Indeed. In Why a Board, I reviewed at length the literature on group decision making. It is true that groups have advantages with respect to certain types of tasks: "groups are superior at evaluative tasks. ... Group decisionmaking presumably checks individual overconfidence by providing critical assessment and alternative viewpoints .... The proposition that group decisionmaking counteracts individual biases obviously overlaps with the claim that group decisionmaking is an adaptive response to bounded rationality. Numerous studies suggest that groups benefit from both pooling information and from providing opportunities for one member to correct another's errors."

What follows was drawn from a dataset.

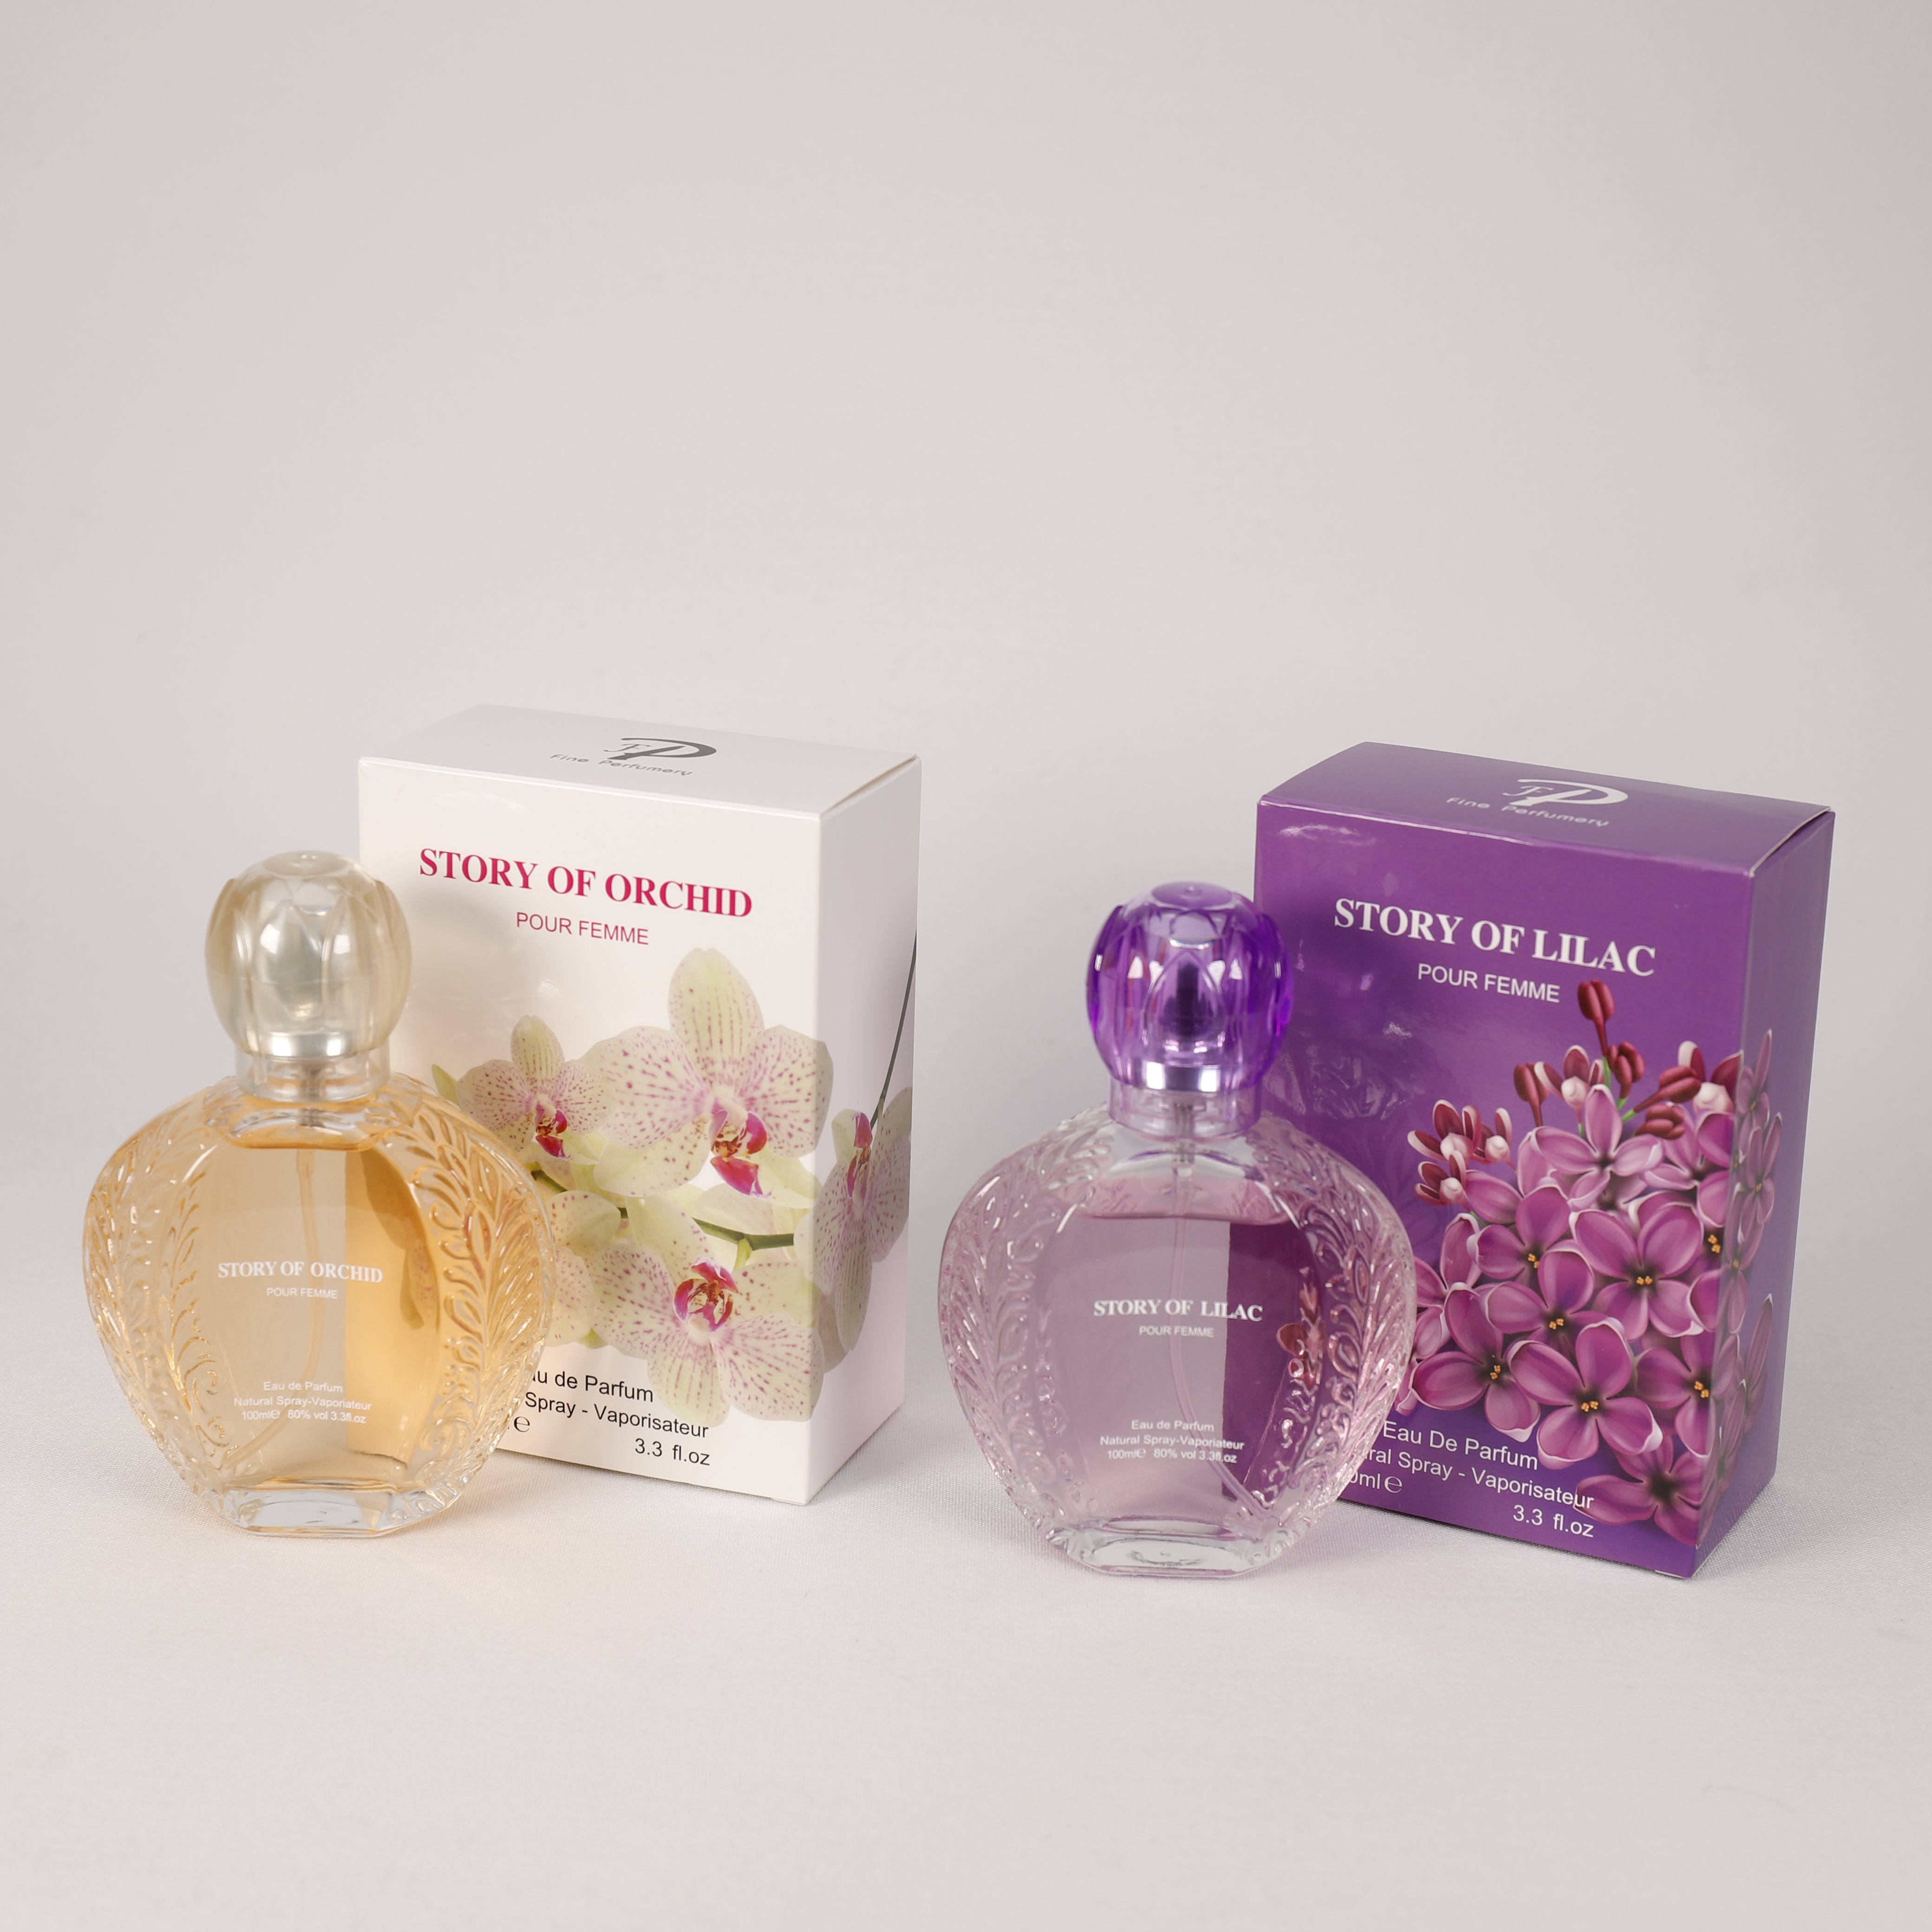 Story Of Orchid für Damen, Vaporizer mit natürlichem Spray, 100 ml, Duft, TOP Parfüm, NEU OVP

But groups are less well suited to other types of tasks:
The old joke about the camel being a horse designed by a committee captures the valid empirical observation that individuals are often superior to groups when it comes to matters requiring creativity. Research on brainstorming as a decisionmaking process, for example, confirms that individuals working alone generate a greater number of ideas than do groups. Strikingly, this is especially true when the assigned task is “fanciful” rather than “realistic.”
Indeed, as Schumpeter suggests, groups have their own biases and idiosyncrasies that impede effective decision making. As I explained in Why a Board:
A widely cited example is the so-called risky shift phenomenon. Although we might assume that group decisionmaking has a moderating influence, social dilemma experiments demonstrate that groups actually make more extreme decisions than individuals. In early versions of these experiments, individual subjects were pretested by being presented with a story in which they were featured as the central characters. The story placed them in a familiar social setting and asked them to choose between two options, one of which was described as being the riskier of the two, but also as having a potentially higher return. Small groups were then presented with the same problem and asked to make a collective decision. Groups were significantly more likely to select the riskier option than individuals. Given that individuals tend to be risk averse but that shareholder interests often require risk-preferring decisions, the risky shift phenomenon seems useful on first blush. Unfortunately, later experiments demonstrated that group shifts to greater caution could also be induced. There seems to be a polarizing effect in group decisionmaking, so that post discussion consensus is more extreme than the individual pretest results.
The most significant group bias for our purposes, however, is the “groupthink” phenomenon. Highly cohesive groups with strong civility and cooperation norms value consensus more than they do a realistic appraisal of alternatives. In such groups, groupthink is an adaptive response to the stresses generated by challenges to group solidarity. To avoid those stresses, groups may strive for unanimity even at the expense of quality decisionmaking.